UEC Nominee for 2023-2025 Term: Jaehoon Yu

Jaehoon Yu
University of Texas

Statement

Dr. Jaehoon Yu is a distinguished professor of physics at the University of Texas at Arlington (UTA) and an elected fellow of American Physical Society. Jaehoon Yu has accomplished a great deal in the fundamental physics research and has been playing many vital roles as a leader in physics and experiments in particle physics worldwide. Over the past three decades, he has amassed ample experience in all aspects of accelerator based experimental particle physics in both high energy colliders and lower energy fixed target experiments. He has recognized new physics opportunities and has been a driving force to promote new areas of physics. He has led R&D, design and prototyping of several advanced detector technologies and led the commissioning of one of the two largest detectors in the world in 2000, as well as design and implementation of the advanced computing grid technology.He also led the construction and commissioning of a particle beamline at Fermi National Accelerator Laboratory (Fermilab) in the U.S. and personally established the beam tune for every particle beam of various species and momenta.

He used the data for extracting important physics from the experiments he personally contributed to the construction. He has contributed to two of the three arguably most important discoveries in particle physics in the past three decades; the discovery of the top quark, the last of the 12 elementary fermions discovered, in 1995 at the DZero experiment at Fermilab and the God Particle discovery in 2012 at CERN, Geneva, Switzerland. He led a world-wide community for developing new detector technologies for the International Linear Collider (ILC) being contemplated for the near future, at which time introducing the GEM (Gas Electron Multiplier) detector technology to Korea, for which the Korean team is responsible for building. He is actively working on the U.S. national flagship experiment, Deep Underground Neutrino Experiment (DUNE), constructing an important device of the prototype detector, authoring its complicated technical design report and pioneering and leading new areas of physics.

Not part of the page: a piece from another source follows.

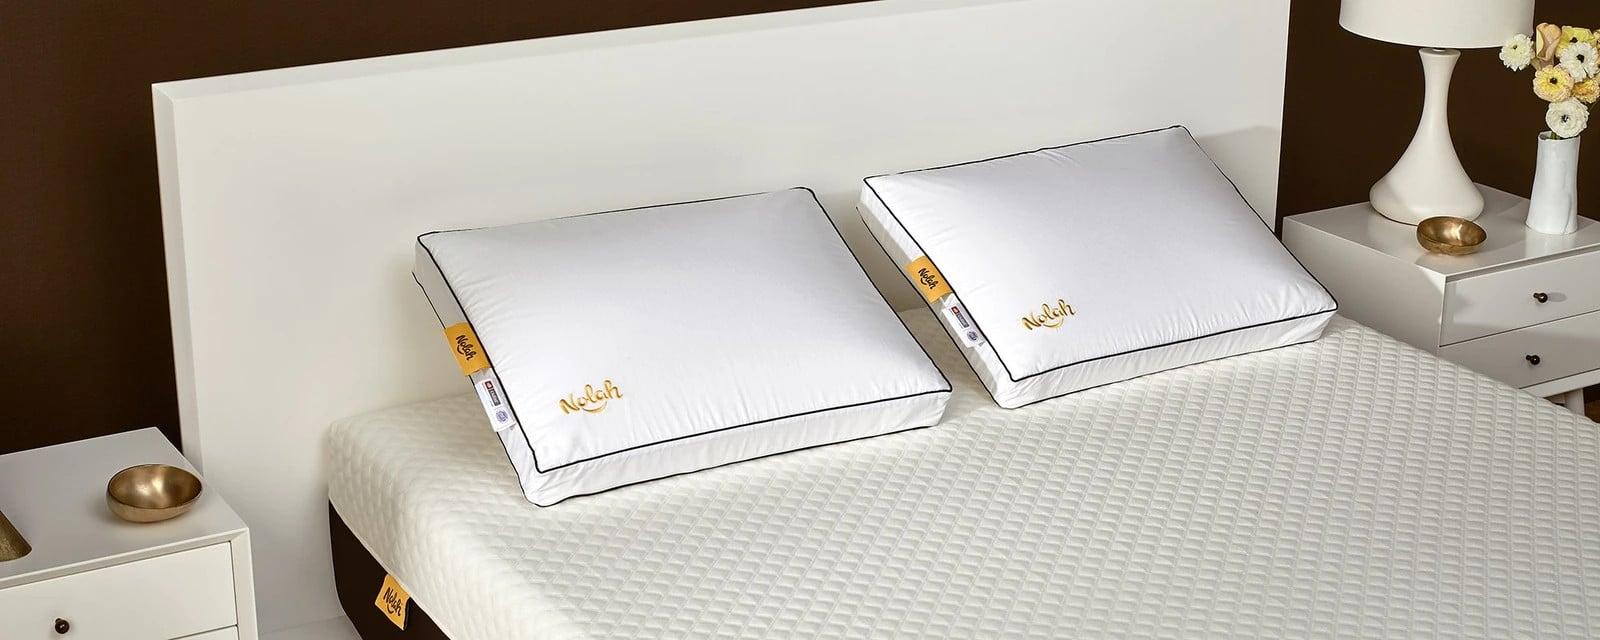 should i buy the signature or original nolah mattress
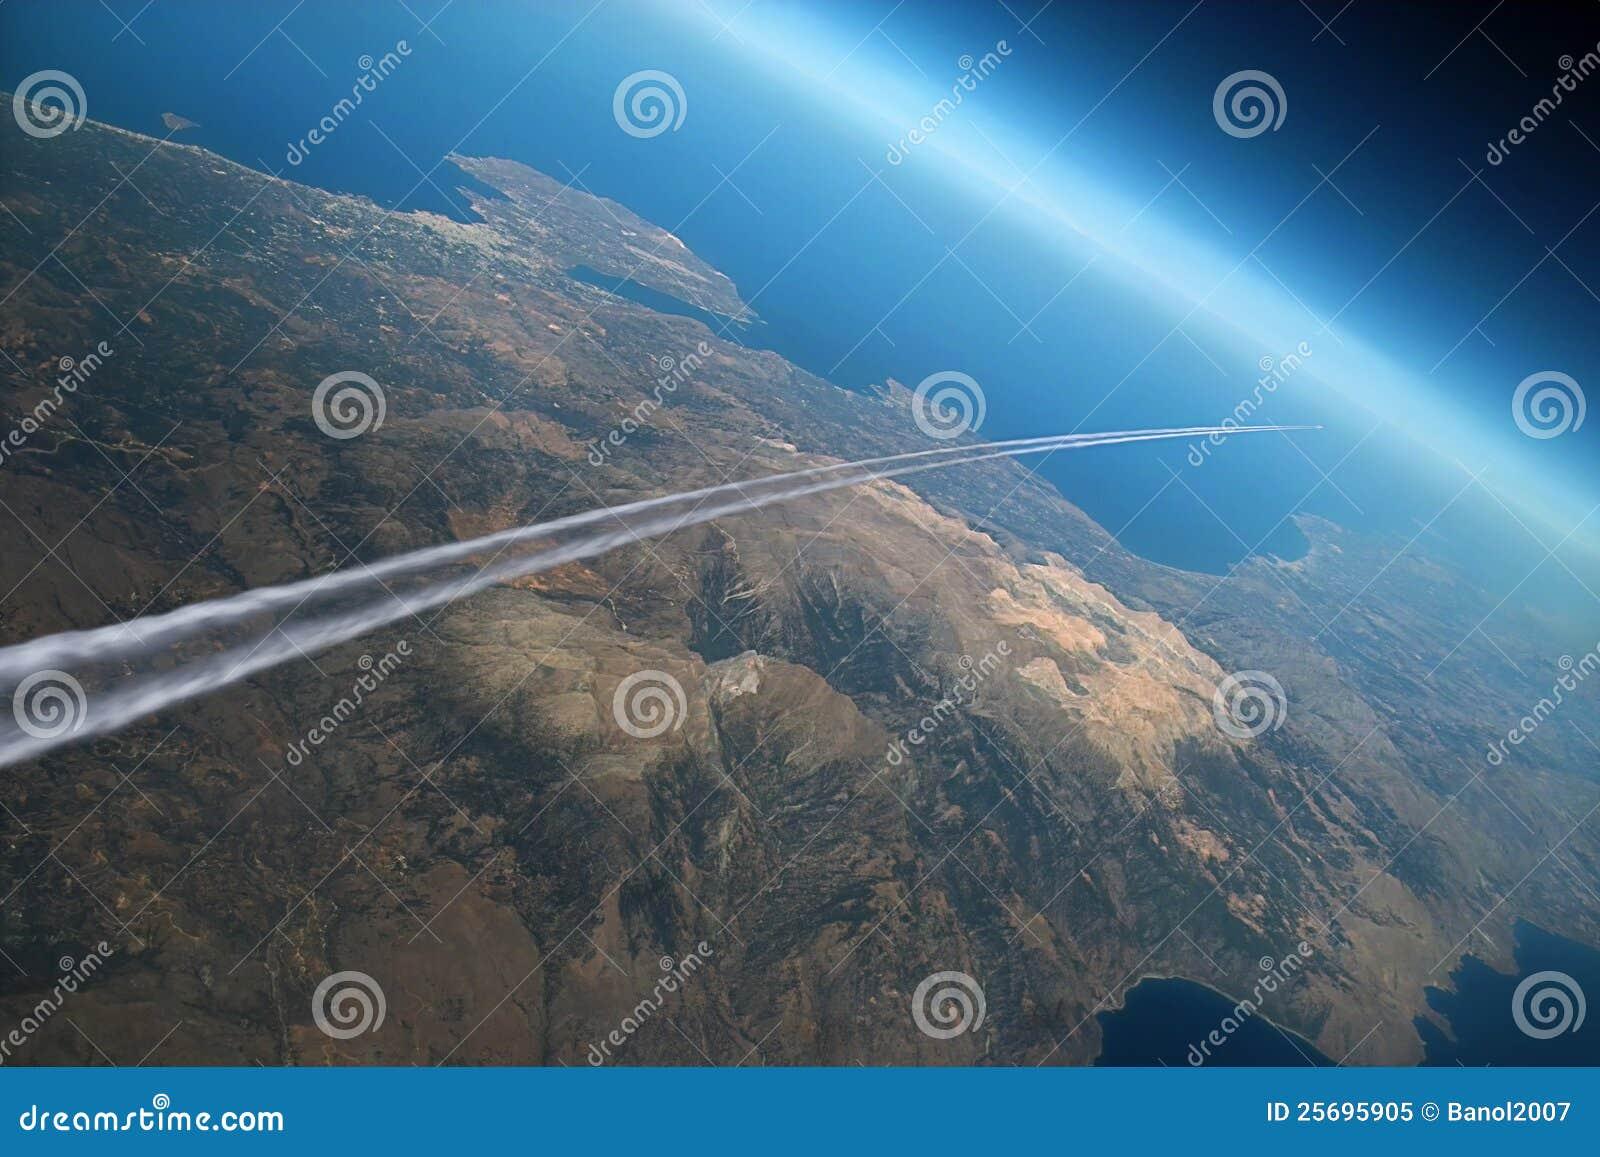 Rastro del aeroplano sobre la tierra de la mañana.

Dr. Yu served in the now-retired Congressman Joe Barton’s Tarrant County Citizen’s Advisory Committee for close to 10 years not because his thoughts are aligned with him but because they most often not. His fundamental idea for these services is that it is essential for scientists to be closely communicating with a large breath of general public to help them understanding science and its impact to everyday lives. He is a strong advocate of the idea that scientists must be playing a central role in determining science policies. He continues to serve as the chair of the science policy forum for the annual US-Korea Conference of KSEA to promote strong collaboration in science policies between US and Korea at the law maker and policy maker level.

I am honored to be nominated to be part of the UEC and hope to be elected and serve the community well.